Mindfulness: You’ve probably heard a lot about mindfulness. It’s touted as a panacea for the ills of our modern age. Hell, incorporating mindfulness is part of our mission statement because there is some promising research and what it can do for the anxious and overworked. However, Mindfulness is sort of like the aspirin of mental health: in certain conditions it’s good to have some every day but it’s a preventative measure or temporary relief–not a cure.

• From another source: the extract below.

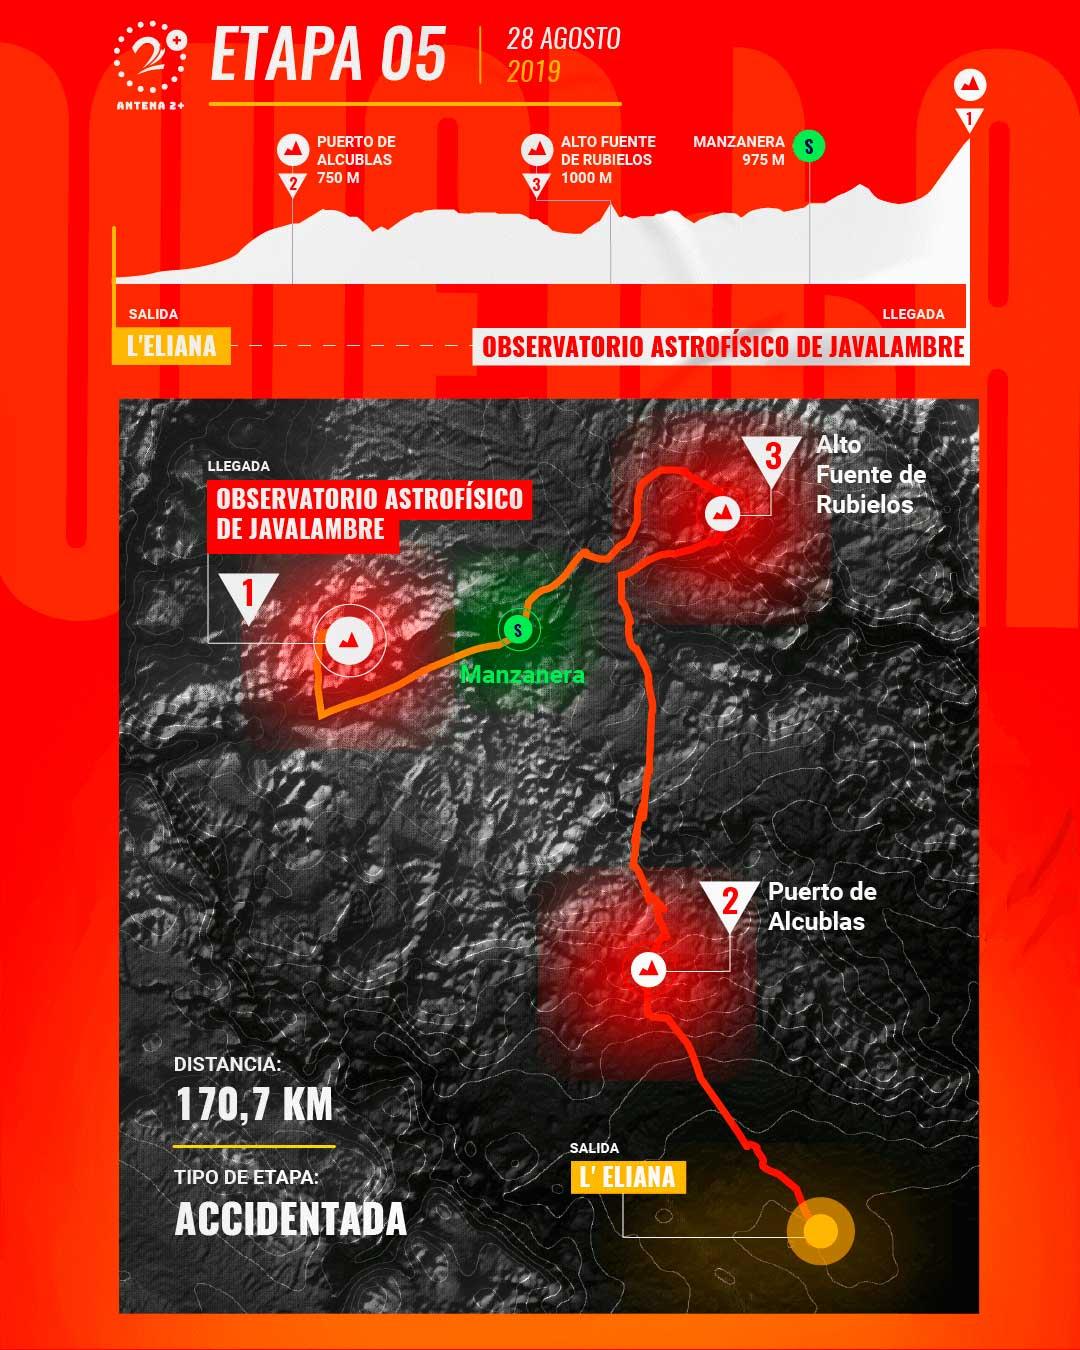 Etapa 5, Vuelta a España 2019

Mindlessness: You may not have heard as much about mindlessness but it is what it sounds like. It is the state in which you zone out and you’re not thinking of anything. Mindlessness is, in my opinion, the type of rest graduate students in the humanities are most desperate for. If I had a dollar for every time a humanities graduate student told me they couldn’t have fun anymore (e.g. enjoy video games, romance novels, movies) because they couldn’t turn their brain off, well, then I wouldn’t be working on this site–I’d be relaxing mindlessly in Hawaii.

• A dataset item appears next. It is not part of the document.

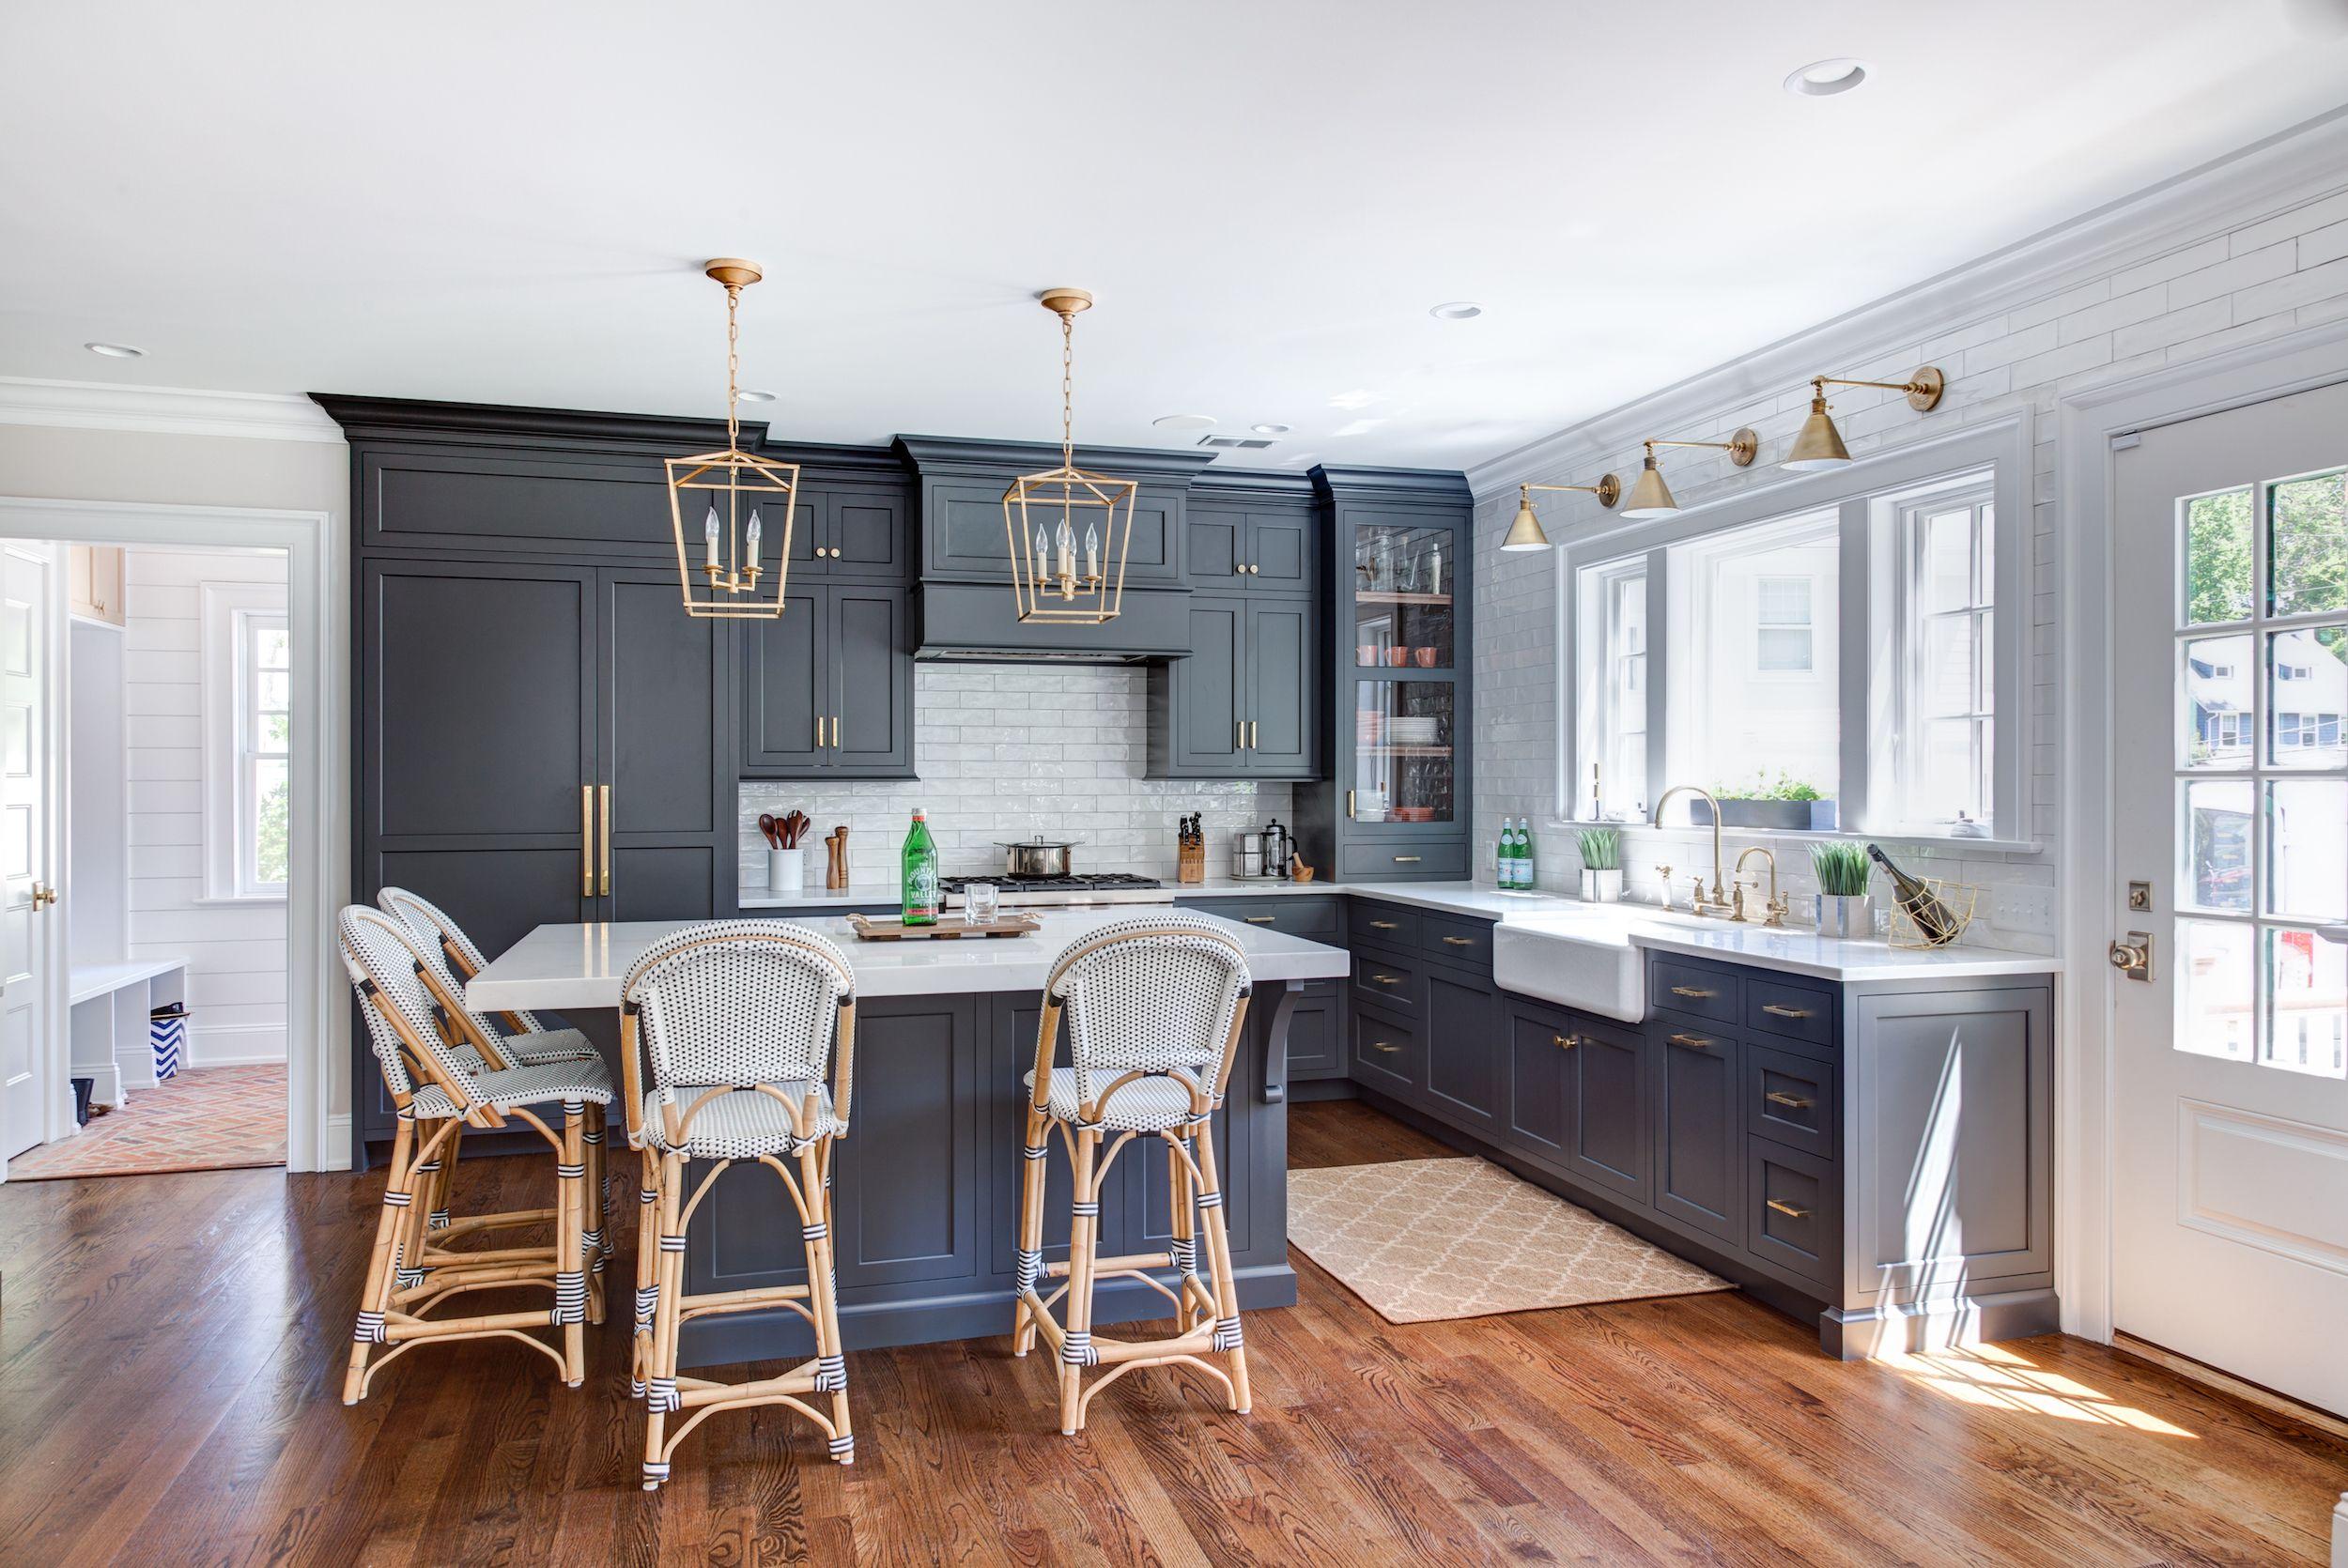 ۷ ایده چیدمان آشپزخانه

Flow: When I think of flow I think of math and the pleasure of losing myself in a problem. The flow state is that magical time when you are working on a difficult, but solvable, problem and you lose yourself in it. Writing feels best when you manage to get yourself into a flow state. If you don’t like math you may be familiar with flow from an absorbing workout, a crossword, a puzzle or some other endeavor that involves pleasurably losing yourself in the moment.
Wonder: Wonder is the rocket fuel of graduate study. Without wonder completing the degree relies on determination and willpower. Unfortunately, willpower doesn’t really exist so that’s a difficult and doomed endeavor. Wonder is the state of seeing yourself as a small part of a very big universe. It is perspective and it is vital to graduate study. Every graduate student I have ever met became a graduate student because they had wonder–they saw a big puzzle that captivated their attention and they wanted to be a part of solving it.
These forms of rest are not mutually exclusive. It’s possible that a mindfulness exercise could induce a state of wonder. You might indulge in a bit of wonder leading to mindlessness. A little bit of wonder might help get you into a flow state, and so it goes.